DocketNumber: Docket No. 3258-79.
Citation Numbers: 45 T.C.M. 1012, 1983 Tax Ct. Memo LEXIS 638, 1983 T.C. Memo. 143
Filed Date: 3/21/1983
Status: Non-Precedential
Modified Date: 11/21/2020
Taxpayer (TP) was a fifty percent partner in a partnership (PS) which owned a medical office building. PS leased space in the building to various tenants including a hospital, doctors and dentists. When a new tenant leased space in the building from PS, PS would often incur an obligation to make improvements on the leasehold for the incoming tenant's benefit at its own expense.
In 1976 PS sold the building to a purchaser (P). At closing, P assumed the existing leases between PS and tenants of the medical office building. However, PS agreed that it would complete for P's benefit its existing obligations to improve certain of the leaseholds. In turn, P agreed to reimburse PS for the costs of completion.
MEMORANDUM FINDINGS OF FACT AND OPINION
SHIELDS,
Petitioners William E. Roberts and Aileen V. Roberts resided in Portland, Oregon, when they filed their petition herein. They are cash basis taxpayers. At all times relevant to this case, Roberts was a 50 percent partner in B & D Development Co. (hereinafter the partnership). He shared the partnership's gain, losses, and profits equally with his brother, who was the other 50 percent partner. The partnership was in the business of owning and managing commercial real property in Portland and elsewhere. It filed its partnership information returns (Forms 1065) using the cash basis method of accounting.
In September of 1970, the partnership purchased the Portland Medical Center (the property). This consisted of land and an office building located thereon, together with a leasehold interest in an adjoining parking facility. The partnership thereafter owned and managed the property continuously until its sale in June of 1976.
At the time of the purchase, office space in the property was leased to various tenants. As each lease expired, the partnership relet the space covered thereby *641 using its own standard lease form. With certain exceptions not pertinent here the standard lease form was used on all leases. Under this form, the partnership was obligated to furnish electric current, lamps, elevator service, heat, and janitorial services to its tenants. In addition, the partnership was obligated to pay all real property taxes and assessments levied against the Portland Medical Center, all premiums for fire, extended coverage, and other insurance customarily carried by owners of office buildings in downtown Portland, all expenses for the maintenance and repair of the roof, exterior walls, windows, sidewalks, lobbies, public corridors, and rest rooms located upon or within the Portland Medical Center, and all costs of heating, air conditioning, elevator service and plumbing, and electrical systems serving the property. *642 They would then negotiate a monthly rent for the space. In such negotiations the partnership took into consideration the estimated cost of providing the improvements and sought to recover such cost over the term of the lease.

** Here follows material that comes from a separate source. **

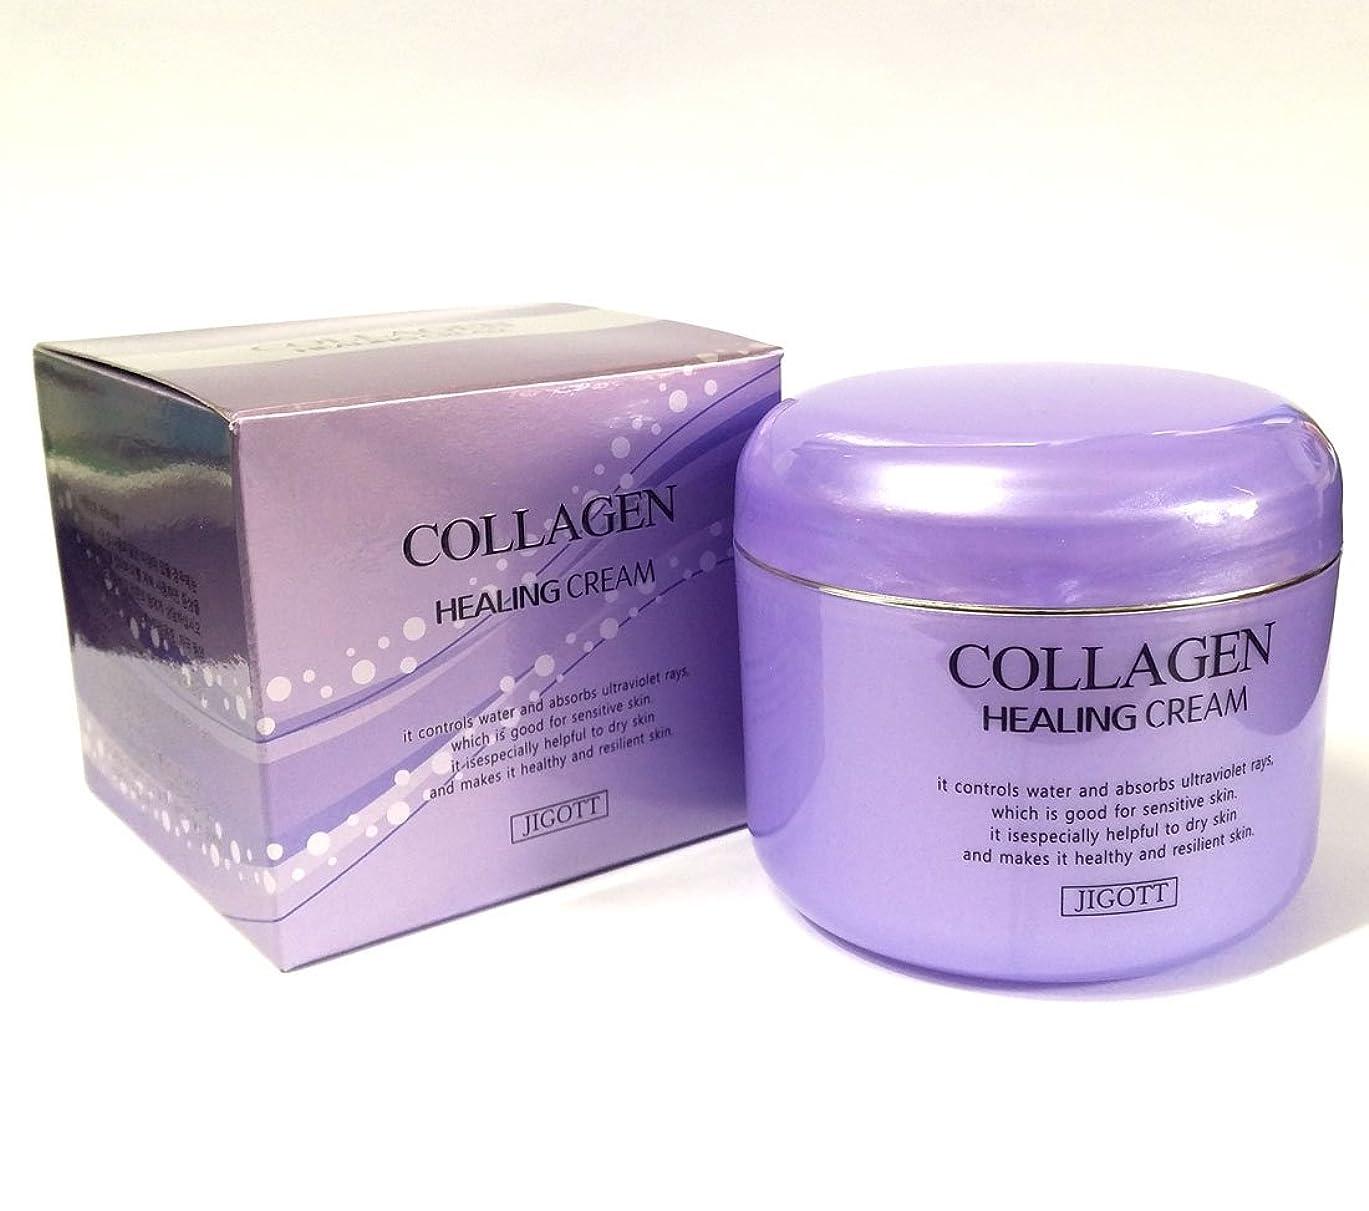 ポータル透明にラビリンス[JIGOTT] コラーゲンヒーリングクリーム100g/Collagen Healing Cream 100g/保湿、栄養/韓国化粧品/moisturizing,nourishing/Korean Cosmetics (1EA) [並行輸入品]
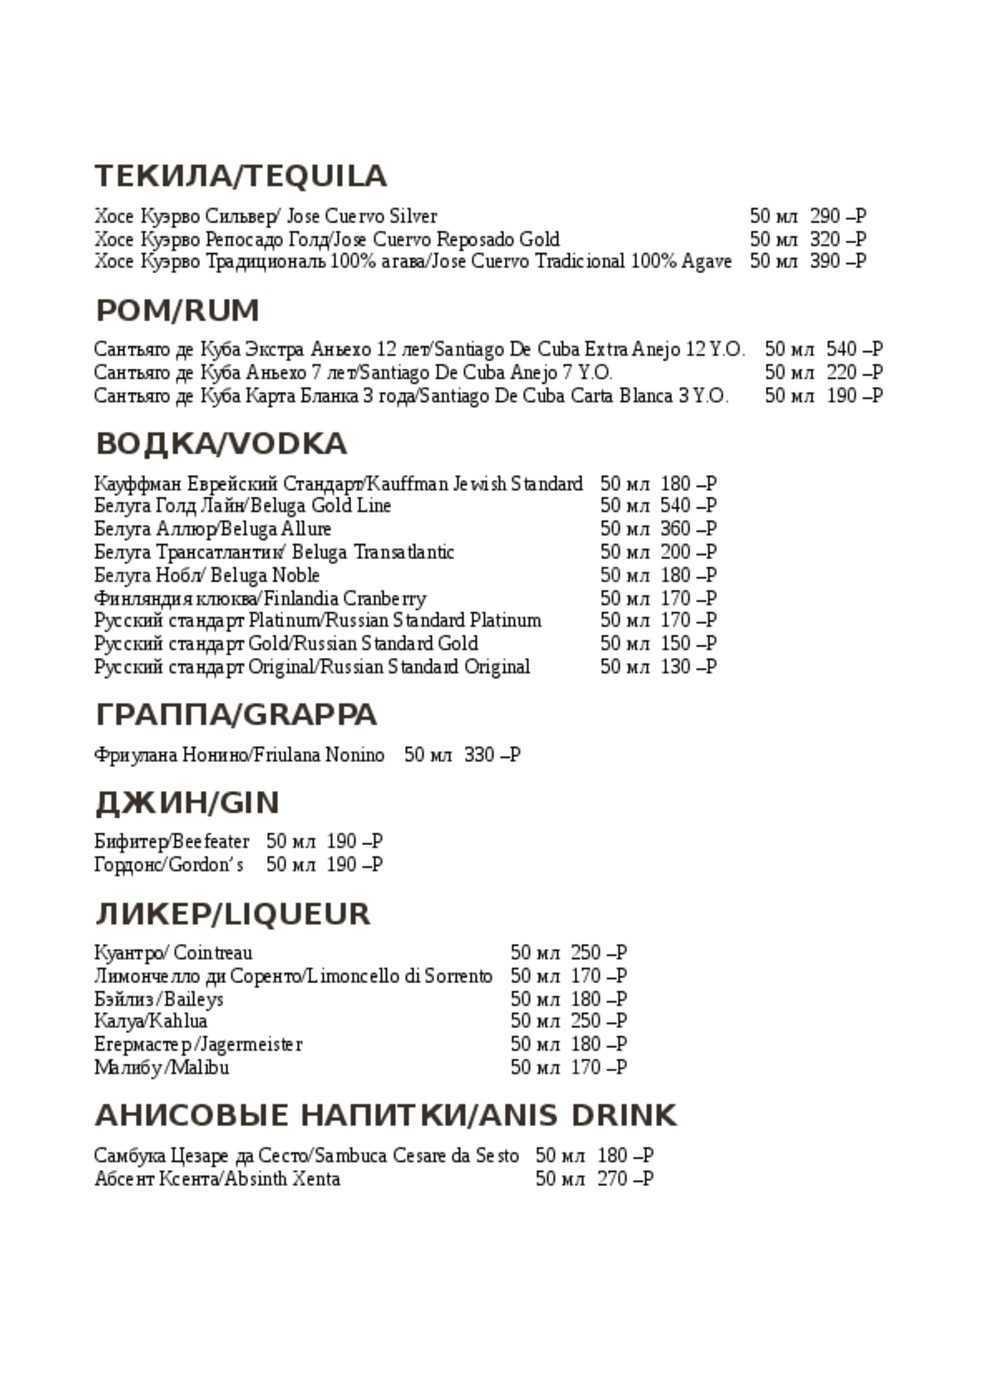 Меню ресторана Форшмак на Сибирской улице

Following the negotiation of mutually acceptable terms, the partnership, using its standard form, prepared and submitted a lease to the prospective tenant for his approval and acceptance. Accompanying the lease was a transmittal letter which, among other matters, described the improvements to be installed at the partnership's expense. In some cases, the letter of transmittal described additional improvements to be installed by the partnership at the tenant's expense.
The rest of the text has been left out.